The pain is especially severe when someone has died unexpectedly through accident or sickness and his/her bright future has been brought to a sudden stop here in this life. 
From our perspective this is a tragedy;
it is terribly painful;
we grapple to find answers;
we are overwhelmed with grief;
we wonder what is the purpose behind this person’s death;
we suddenly feel insecure because we are reminded that life is a fragile thing and not to be taken for granted.
“In the midst of life we are in death” the opening words of the Committal service remind us. 

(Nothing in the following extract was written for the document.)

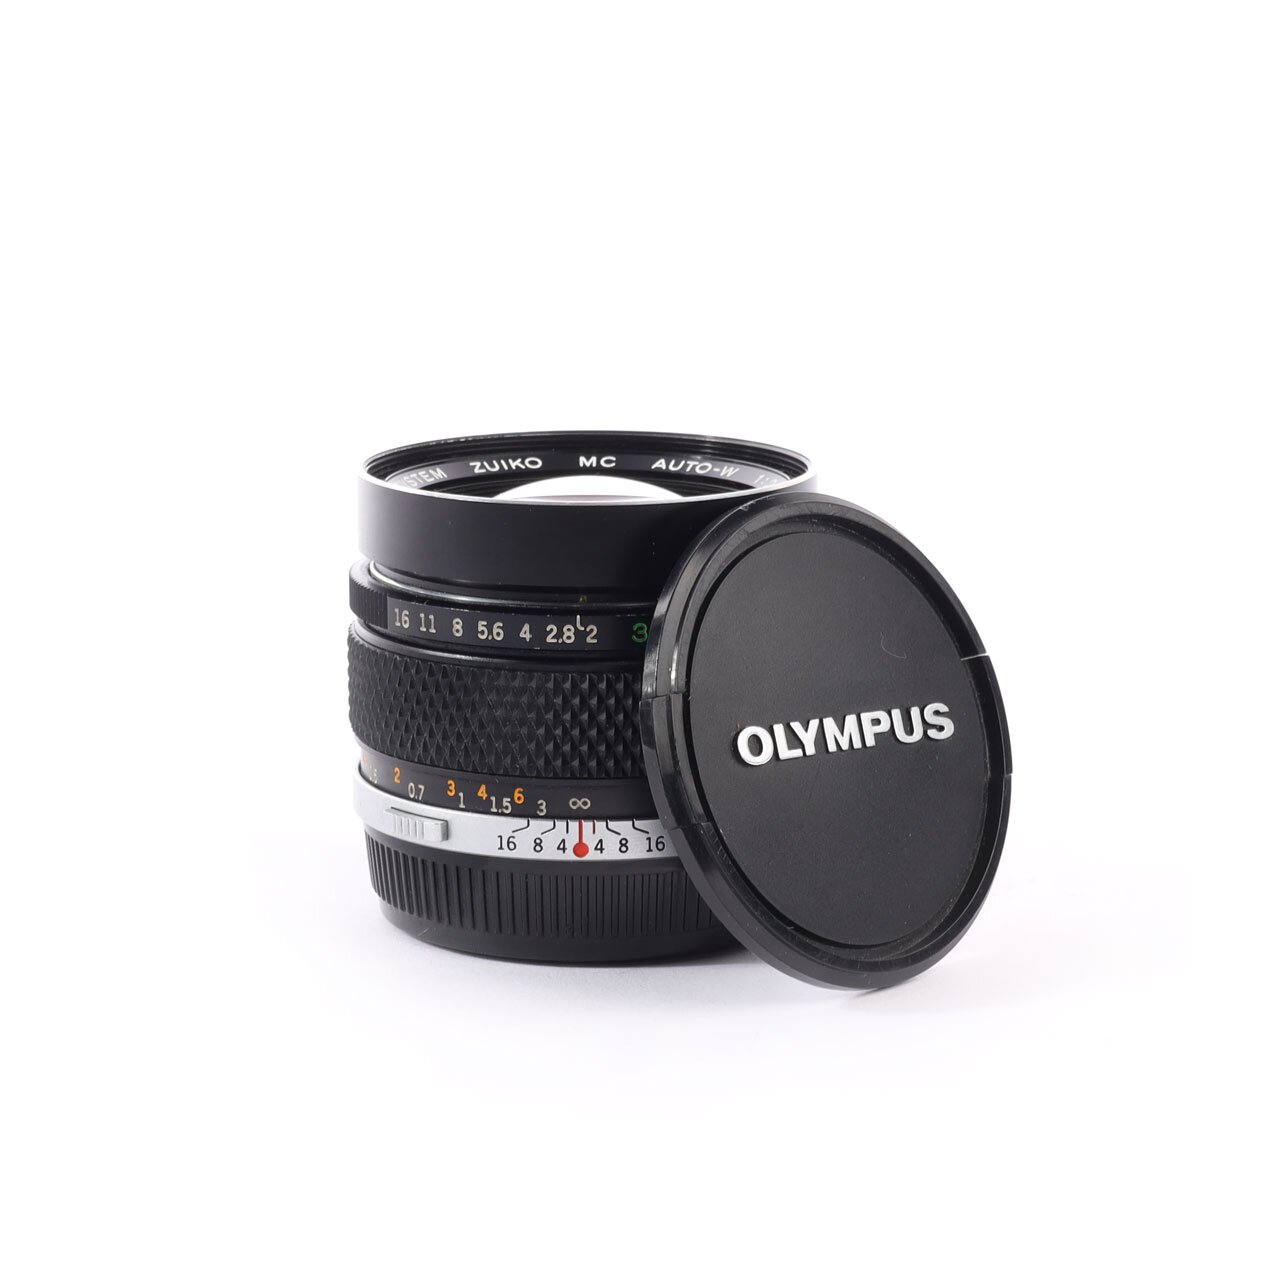 Olympus OM System 2/35mm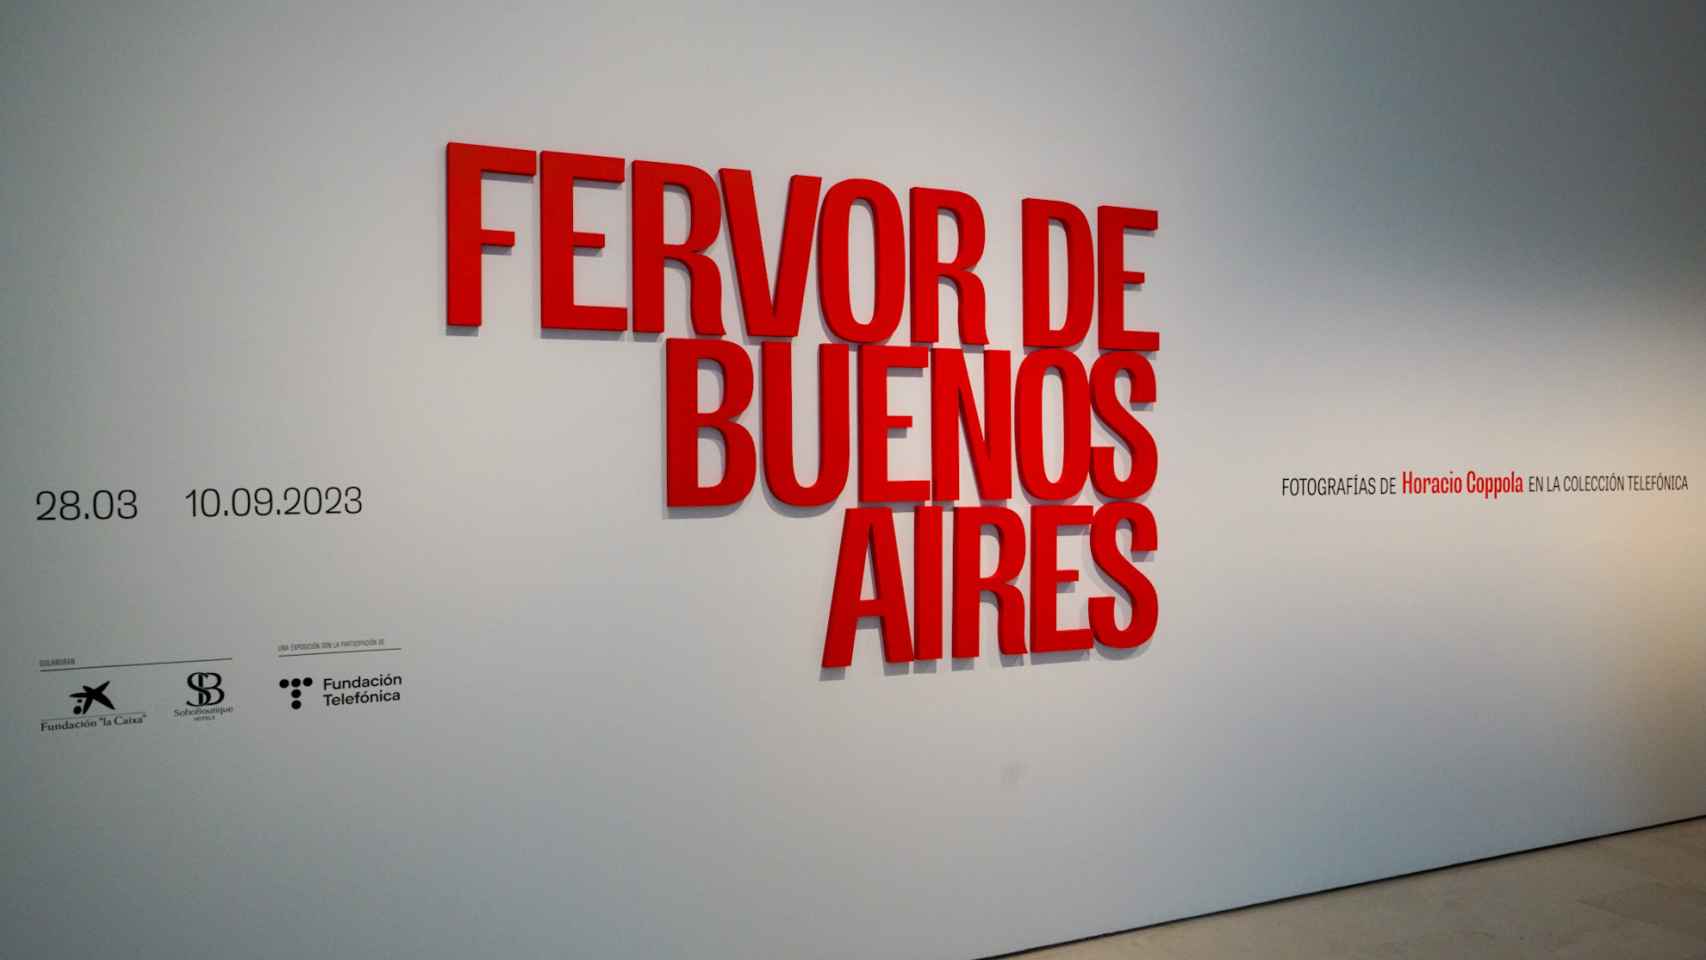 La visión vanguardista de Buenos Aires por los fotógrafos Horacio Coppola y Grete Stern, nueva exposición del Museo Carmen Thyssen Málaga.

In the Gospel reading Jesus is on his way to Jerusalem where he will face his own death, when he gets a message from Mary and Martha that their brother, Lazarus, is dangerously ill. There’s clearly some urgency in the message and an expectation that Jesus would come as quickly as possible but for some reason he takes his time.  By the time he gets to Bethany, Lazarus has been in the grave for four days.  Jesus is too late; the funeral is over and all there is to do is join those who are grieving.

We could well ask: why doesn’t Jesus interrupt what he is doing and rush to be with Lazarus and Mary and Martha?  In answering this let’s remember, when John writes his gospel, he is always telling us something to emphasise what he said in his opening verses to his Gospel account, namely that Jesus is the Word made flesh. He existed in the beginning; he was with God and that he was God.  Through him God made all things; not one thing in all creation was made without him (John 1:1-4).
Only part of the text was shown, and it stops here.